SUMMARY: Brendon doesn't have much. But what he does have, he's willing to share.
A/N: Unbeta'd. Thanks to
sunsetmog,
barmy_bunk, and
libgirl for the extensive hand-holding and cheerleading.
When Brendon is seventeen, he tells his parents a lot of things. He tells them that it isn't a phase, that he really and honestly doesn't believe, and that it isn't going to change, and that this isn't some kind of rebellion, or decision that he came to overnight. He's wrestled with this, struggled with it, finally come to terms with it, and this is who he is.
He also tells his parents that he's gay.
In return, Brendon's parents tell him that they love him, and that they will pray for him, and that when he's ready to repent from his sins and come home, they will be waiting with open arms.
Brendon ducks his head and hears the unspoken, But until that time..., and doesn't cry. He nods once, jerkily, and sets his jaw, and his mom cries enough tears for both of them. Even his dad's eyes are red.

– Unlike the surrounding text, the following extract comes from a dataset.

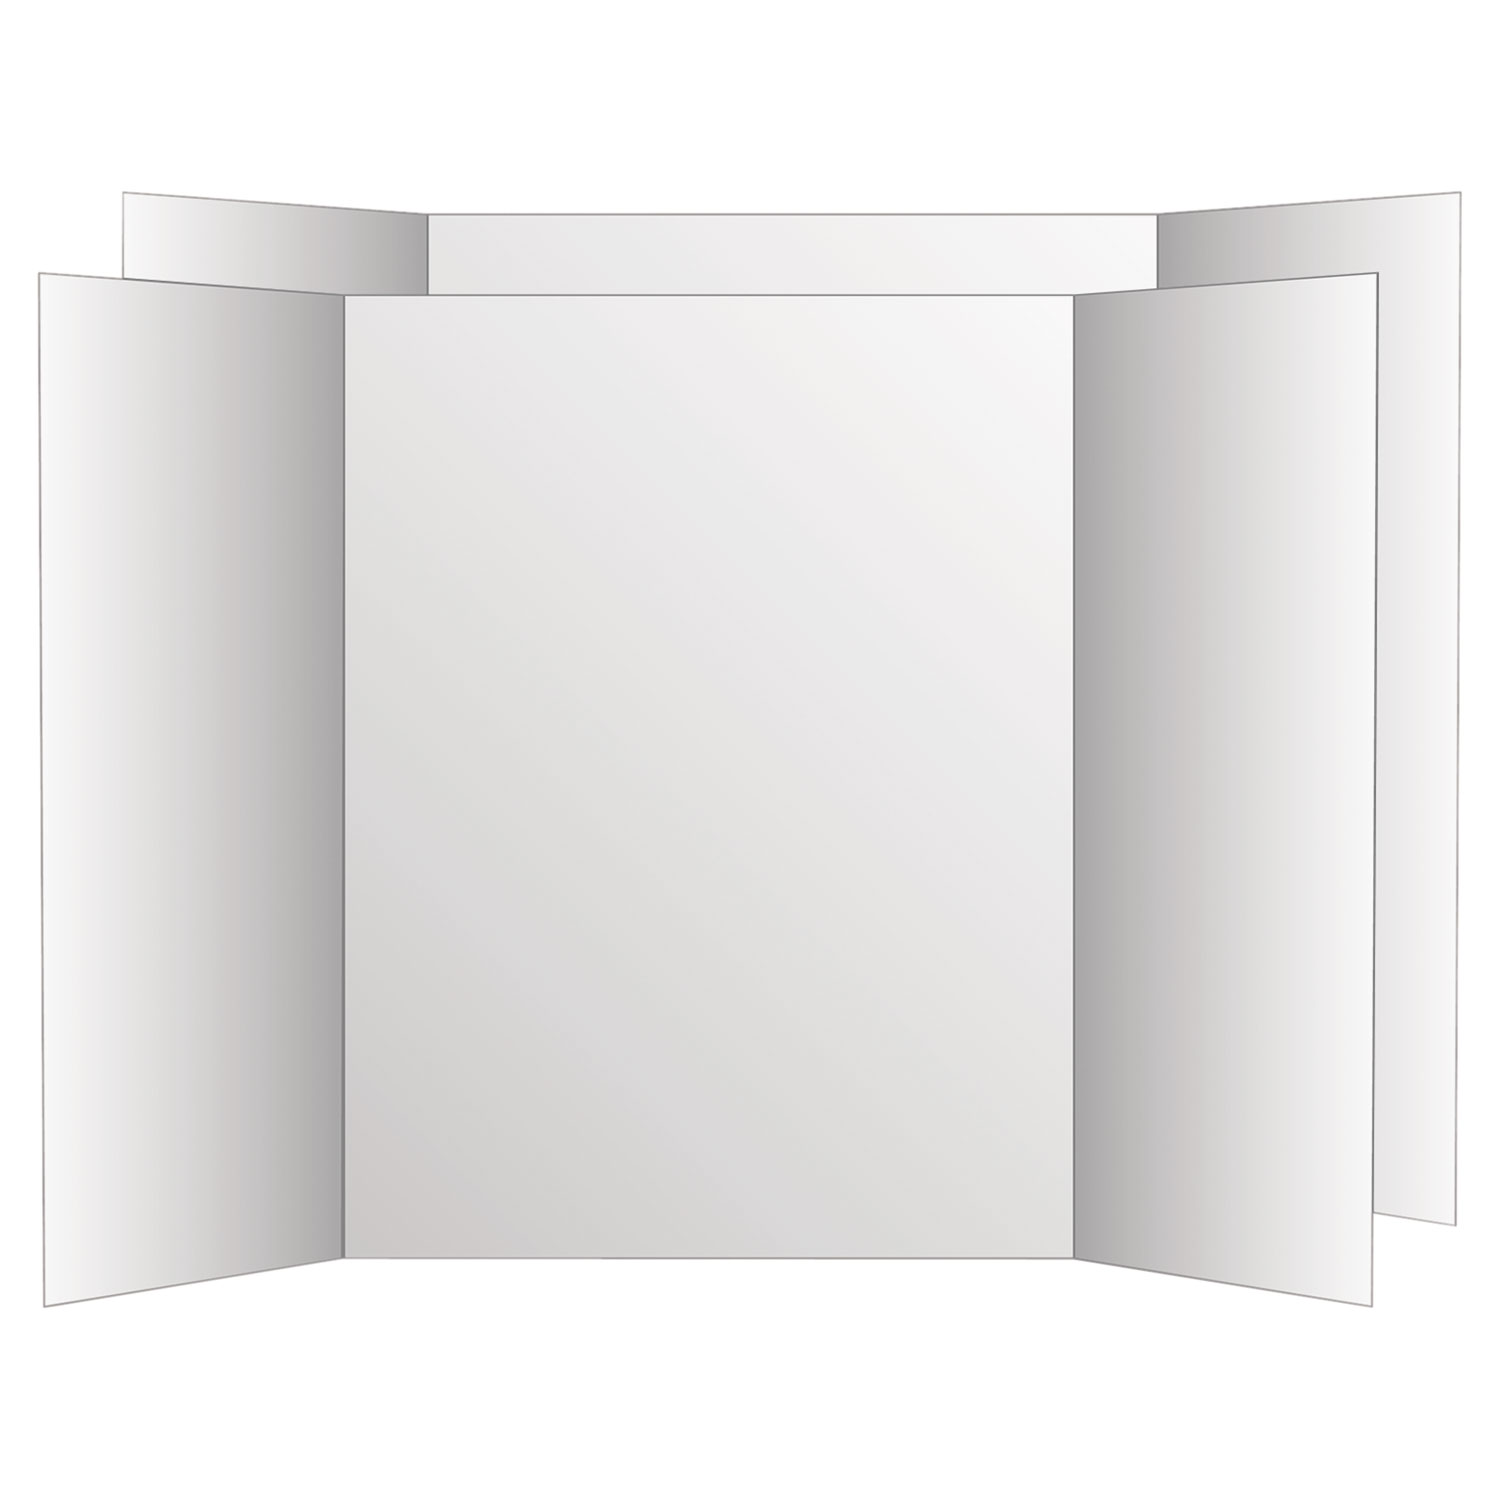  Eco Brites 26790 Two Cool Tri-Fold Poster Board, 36 x 48, White/White, 6/Carton (GEO26790)

He moves out that weekend. His parents don't exactly help him move, but they let him take all of the things from his room, including the furniture, and they give him the old TV from the guest bedroom and pay for his U-Haul, and the day he leaves they hug him tight and cry some more and tell him to hurry back home to the fold.
Brendon squeezes his fist around the U-Haul keys until it hurts, blinks furiously against the empty, throbbing ache in his chest and the stinging in his eyes, and half-runs down the driveway to hop into the truck.
He doesn't look back as he drives away.
He works a really crappy job in the mall, at a place called the Smoothie Hut. He lives in an even crappier apartment. There's no heat and no air and no screen on the stupid window that doesn't even close all the way, so there's a massive bug problem on top of everything. Brendon hates bugs. There's a grimy little bathroom with a shower he can barely move in, and the entire rest of his apartment consists of a single room barely bigger than his bedroom back home.
It almost kills him, trying to pay his bills and still afford to eat, trying to work his job and finish high school, and for the first time, Brendon has no problems whatsoever in school. He's too tired for problems, too tired and grimly determined - he's getting out of this fucking place once and for all as soon as school is over. He'll get financial aid and go somewhere amazing for college, if he can even get accepted anywhere. Whatever, as long as he's out of Vegas.
He just needs a new start.
~
San Francisco isn't as much of a new start as Brendon was hoping for.
His new crappy apartment is just as bad as his old one - for some reason, he was picturing a quirky little place with a view of the ocean or maybe a trolley line, someplace all gabled windows and hardwood floors; he's seen too many romantic comedies - and his new neighborhood is every bit as sketchy. His new job at Starbucks is actually worse than the Smoothie Hut gig, because it means earlier mornings and crankier customers, but at least Brendon can pretty much mainline all the caffeine he wants, and that makes up for a lot.
His school plans have been deferred, since he couldn't actually afford to move until October, but he has high hopes for starting in January, and has already applied. If he has to, he'll go to community college - his grades in high school weren't the best.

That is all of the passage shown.